• **Exercise aim**
Take the line that contains "Fanny Balbuk (1840-1907)" as the first line and the final line of the records as the last; return exactly those lines and the lines between.

• **Records for processing**

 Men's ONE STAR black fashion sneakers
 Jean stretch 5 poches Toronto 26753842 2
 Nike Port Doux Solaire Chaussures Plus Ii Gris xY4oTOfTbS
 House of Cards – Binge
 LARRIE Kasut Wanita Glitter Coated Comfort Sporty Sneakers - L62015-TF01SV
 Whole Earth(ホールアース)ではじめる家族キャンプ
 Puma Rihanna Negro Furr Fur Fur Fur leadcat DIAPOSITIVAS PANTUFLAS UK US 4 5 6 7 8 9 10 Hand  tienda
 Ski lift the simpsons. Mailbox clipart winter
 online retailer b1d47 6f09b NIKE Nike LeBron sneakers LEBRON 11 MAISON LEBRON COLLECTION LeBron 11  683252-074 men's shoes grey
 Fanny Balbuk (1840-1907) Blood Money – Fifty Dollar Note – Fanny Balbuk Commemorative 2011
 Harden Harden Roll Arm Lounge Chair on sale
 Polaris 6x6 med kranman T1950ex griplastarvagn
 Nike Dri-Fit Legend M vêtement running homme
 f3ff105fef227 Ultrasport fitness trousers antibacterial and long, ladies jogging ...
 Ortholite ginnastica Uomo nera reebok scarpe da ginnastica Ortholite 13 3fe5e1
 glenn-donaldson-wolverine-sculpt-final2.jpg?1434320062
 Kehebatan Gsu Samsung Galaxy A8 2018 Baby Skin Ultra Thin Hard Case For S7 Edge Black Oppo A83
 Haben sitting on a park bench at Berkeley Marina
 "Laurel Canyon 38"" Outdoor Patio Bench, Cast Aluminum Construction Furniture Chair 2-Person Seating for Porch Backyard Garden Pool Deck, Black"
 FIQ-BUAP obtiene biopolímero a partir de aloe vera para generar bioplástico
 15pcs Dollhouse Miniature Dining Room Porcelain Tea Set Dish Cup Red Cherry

• **Solution**
 Fanny Balbuk (1840-1907) Blood Money – Fifty Dollar Note – Fanny Balbuk Commemorative 2011
 Harden Harden Roll Arm Lounge Chair on sale
 Polaris 6x6 med kranman T1950ex griplastarvagn
 Nike Dri-Fit Legend M vêtement running homme
 f3ff105fef227 Ultrasport fitness trousers antibacterial and long, ladies jogging ...
 Ortholite ginnastica Uomo nera reebok scarpe da ginnastica Ortholite 13 3fe5e1
 glenn-donaldson-wolverine-sculpt-final2.jpg?1434320062
 Kehebatan Gsu Samsung Galaxy A8 2018 Baby Skin Ultra Thin Hard Case For S7 Edge Black Oppo A83
 Haben sitting on a park bench at Berkeley Marina
 "Laurel Canyon 38"" Outdoor Patio Bench, Cast Aluminum Construction Furniture Chair 2-Person Seating for Porch Backyard Garden Pool Deck, Black"
 FIQ-BUAP obtiene biopolímero a partir de aloe vera para generar bioplástico
 15pcs Dollhouse Miniature Dining Room Porcelain Tea Set Dish Cup Red Cherry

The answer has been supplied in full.